I am running on Windows Server 2016. I am using the latest version from the beta installer.
I’ve written a renewal-hook and placed it in the deploy folder at C:\Certbot\renewal-hooks\deploy\convert.bat and verified it works when forcing a renewal. It takes the pem files and converts as necessary and places in the network share. Great!
Now, I thought from Windows assume identity that this would also happen the first time I requested the certificate using certbot certonly -n --webroot --agree-tos --email foo@bar.com -d www.baz.com -w '//my/remote/share$' but the deploy hook doesn’t run.
Is there any option to run my hook when requesting the certificate the first time?
Agreed, that does not seem ideal.
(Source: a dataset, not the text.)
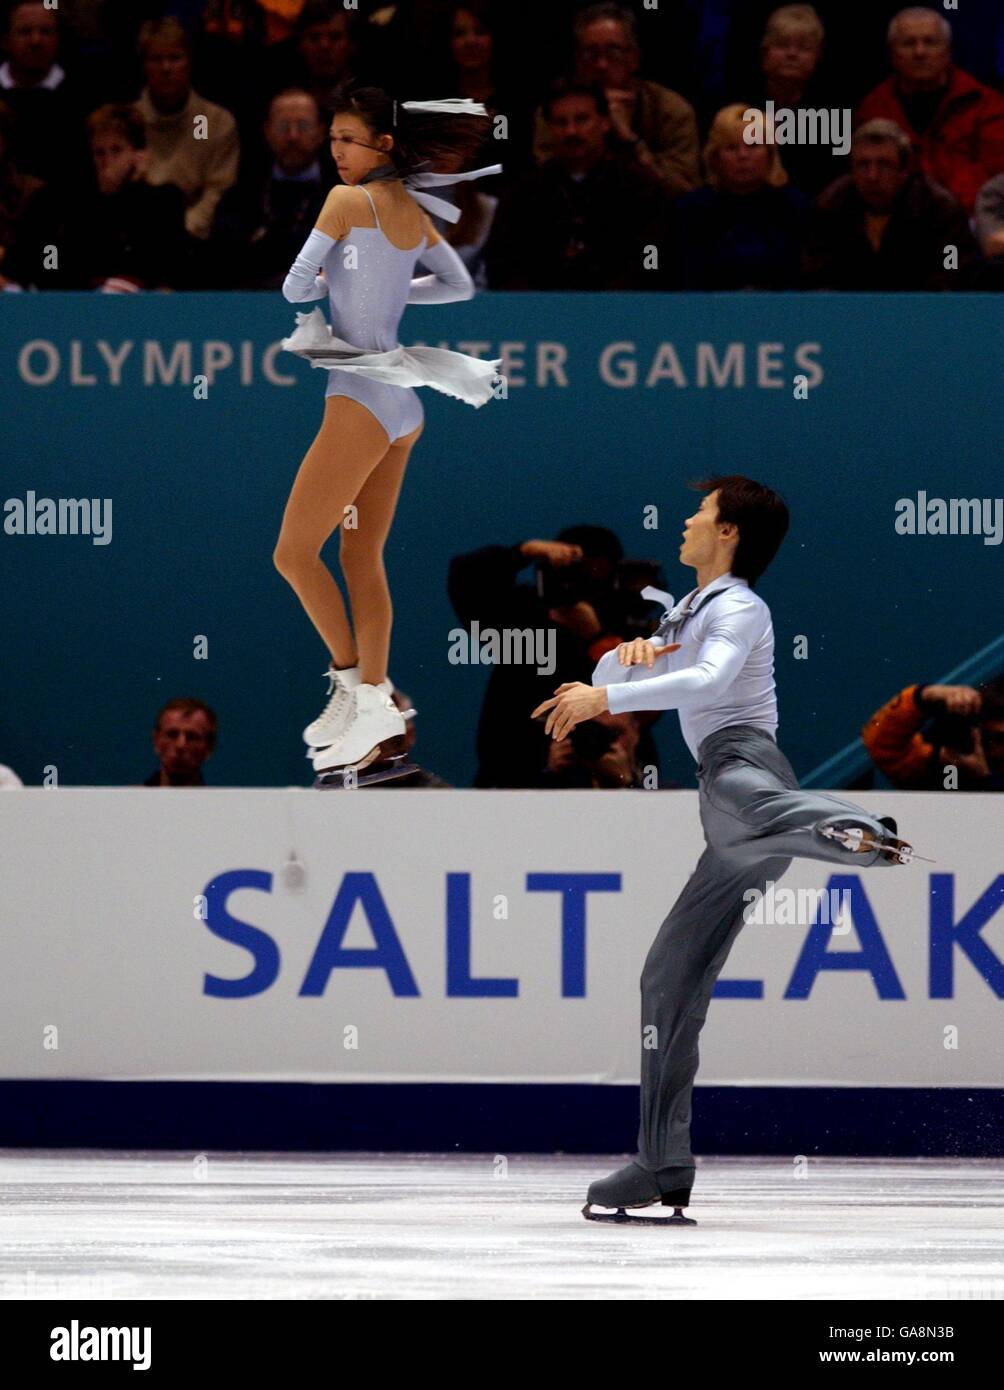 Winter Olympics - Salt Lake City 2002 - Figure Skating - Pairs Free Programme. China's Qing Pang and partner Jian Tong in action during the pairs free programme Stock Photo

The documentation calls it out:
You can also specify hooks by placing files in subdirectories of Certbot’s configuration directory. Assuming your configuration directory is /etc/letsencrypt , any executable files found in /etc/letsencrypt/renewal-hooks/pre , /etc/letsencrypt/renewal-hooks/deploy , and /etc/letsencrypt/renewal-hooks/post will be run as pre, deploy, and post hooks respectively when any certificate is renewed with the renew subcommand
but I suspect many users (myself included) would overlook that detail.
You could emulate the behavior you want with /etc/letsencrypt/cli.ini:
deploy-hook = /path/to/hook
Though I’m not sure whether it will have unintended consequences for other Certbot commands. Doesn’t seem to, but I’m not an expert in how Certbot’s CLI arguments get processed.